[Recorded information]

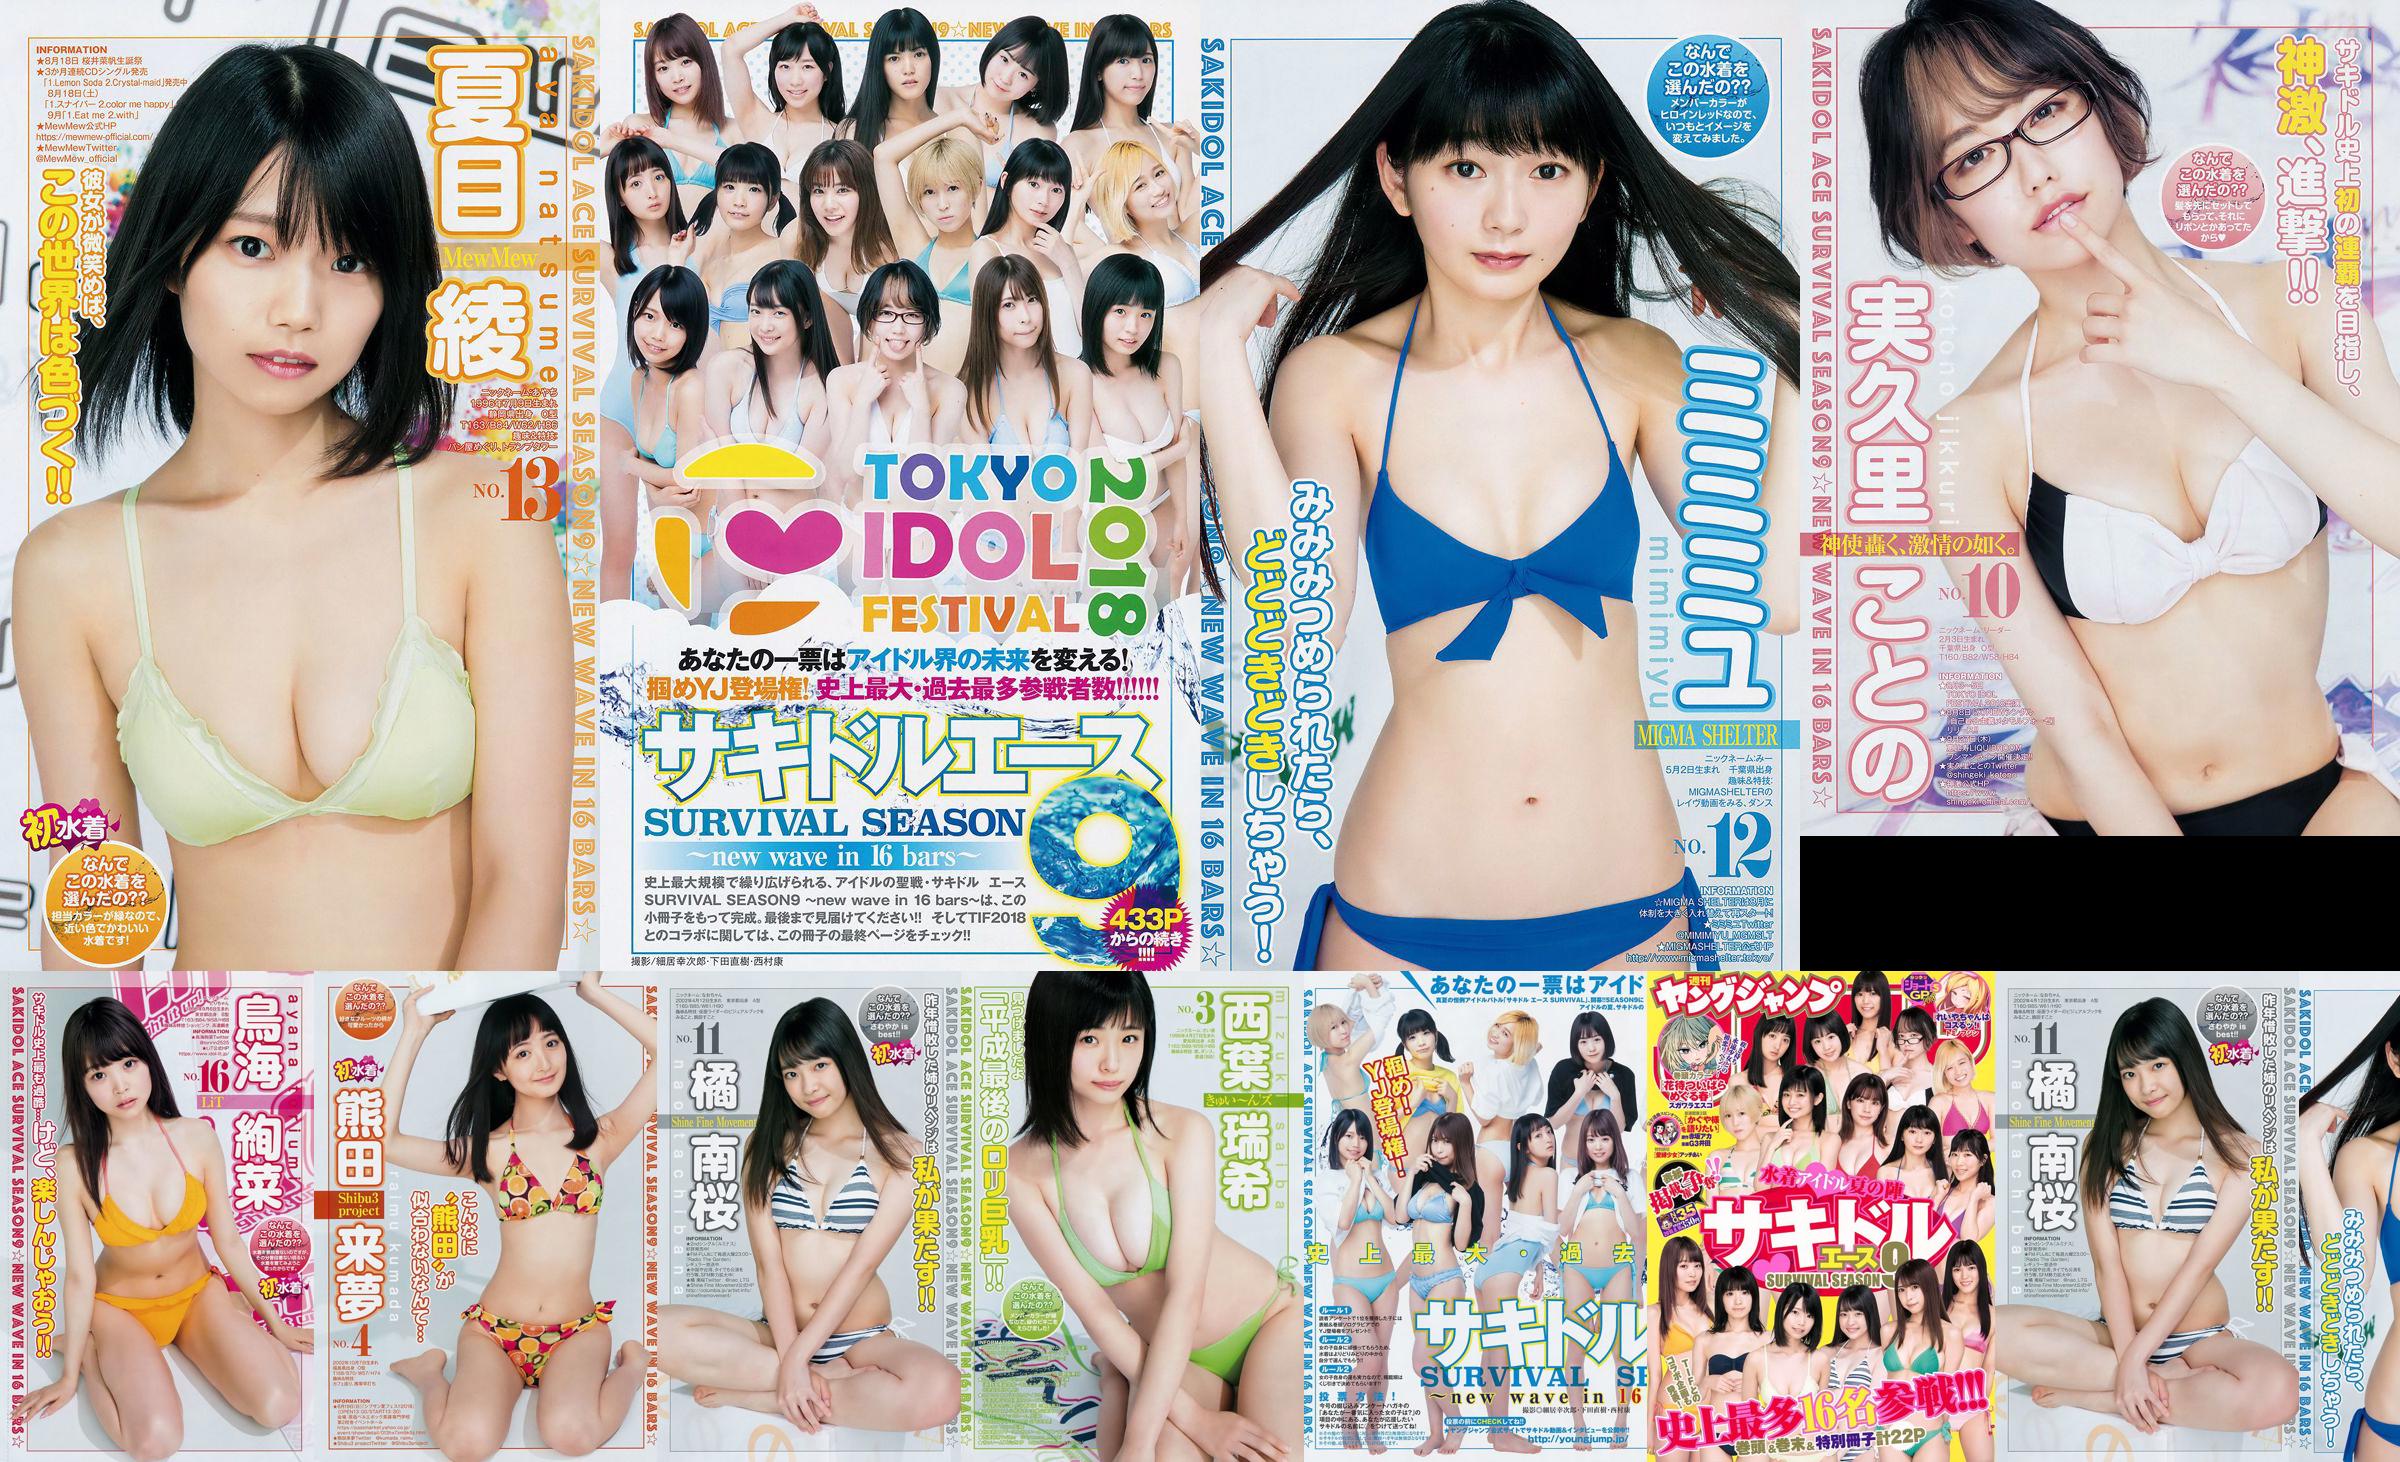 [FLASH] Ikumi Hisamatsu Risa Hirako Ren Ishikawa Angel Moe AKB48 Kaho Shibuya Misuzu Hayashi Ririka 2015.04.21 Photo Toshi No.40a0d8 Page 11
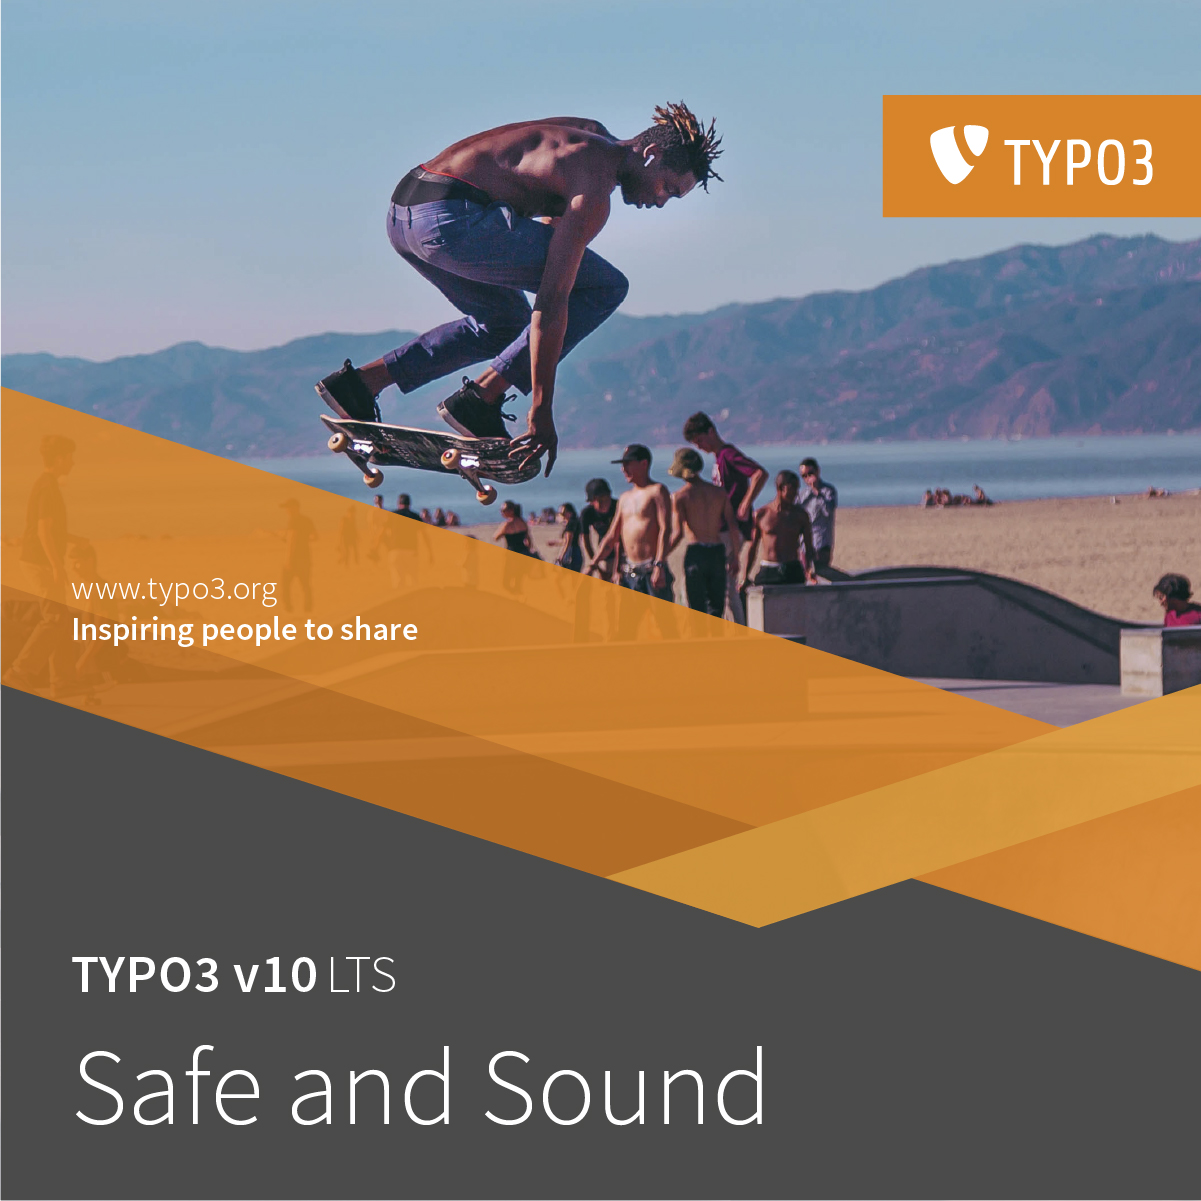 Ein Marketingbild zur Version 10 von Typo3, auf dem im oberen Bereich eine Person skatet und im unteren Bereich groß die Worte Safe and Sound stehen.
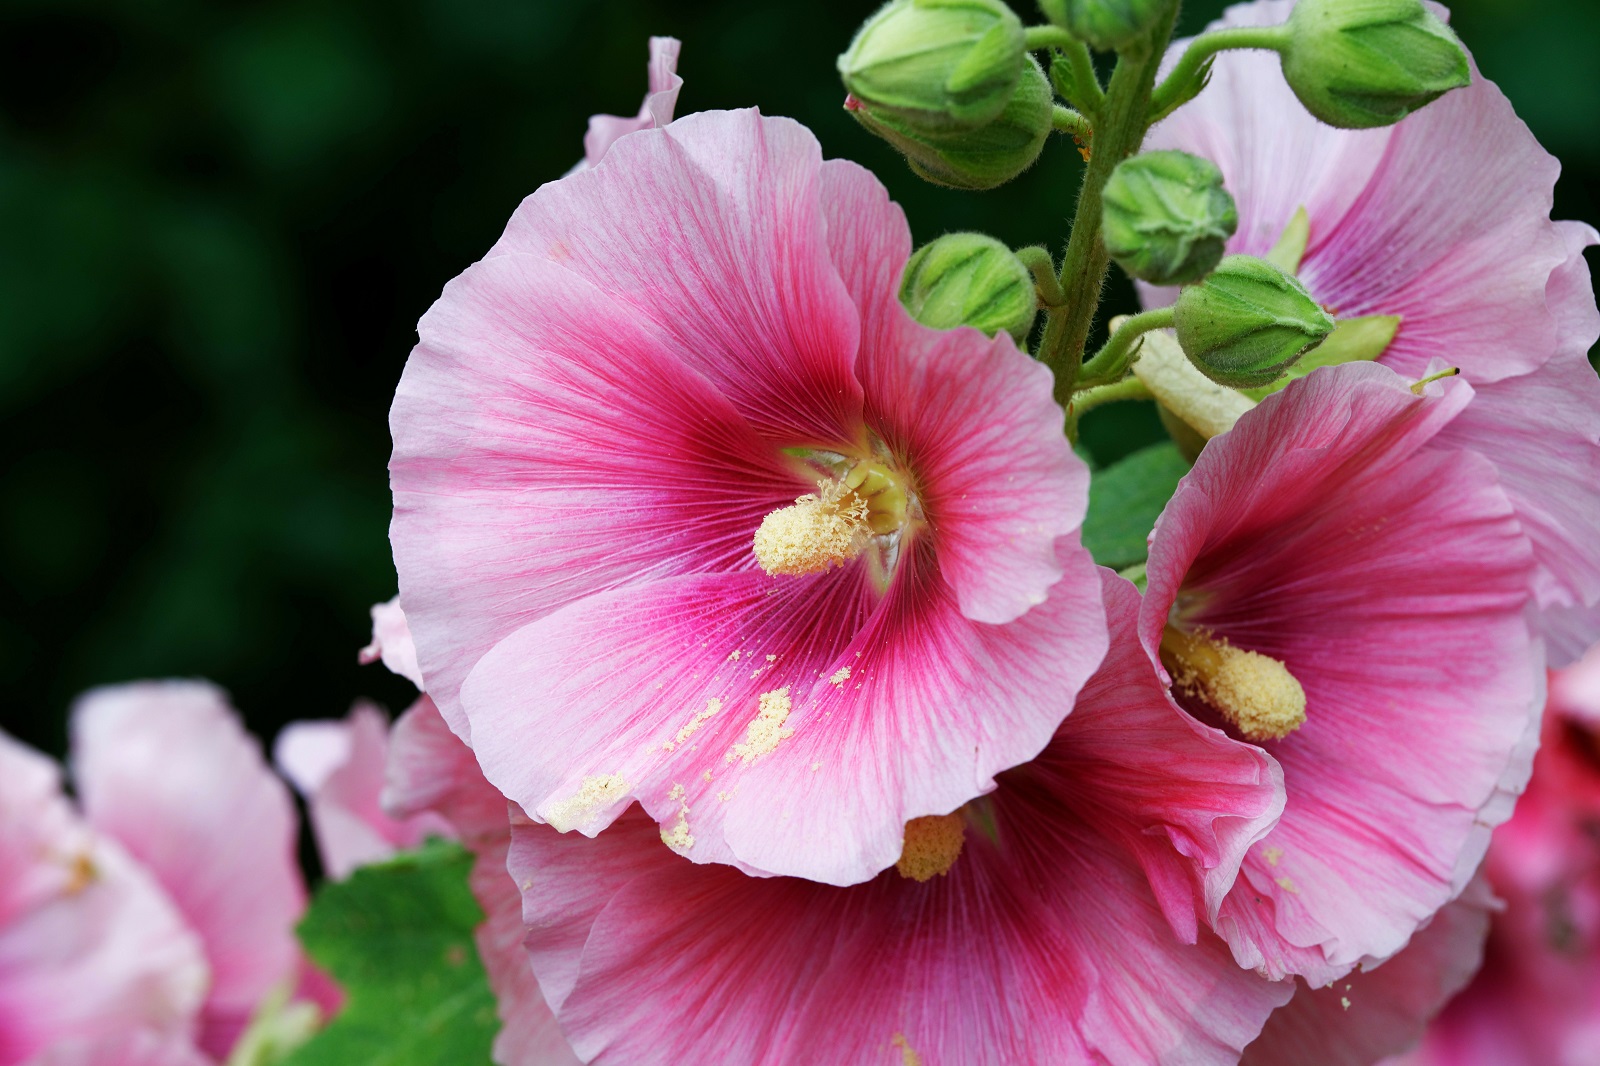 Magnifique floraison de roses trémières. © Gehapromo, Adobe Stock

[Directions for this task]
The preceding listing is to be restated word for word, with every picture omitted.

[Task answer]
 [FLASH] Ikumi Hisamatsu Risa Hirako Ren Ishikawa Angel Moe AKB48 Kaho Shibuya Misuzu Hayashi Ririka 2015.04.21 Photo Toshi No.40a0d8 Page 11
 Ein Marketingbild zur Version 10 von Typo3, auf dem im oberen Bereich eine Person skatet und im unteren Bereich groß die Worte Safe and Sound stehen.
 Magnifique floraison de roses trémières. © Gehapromo, Adobe Stock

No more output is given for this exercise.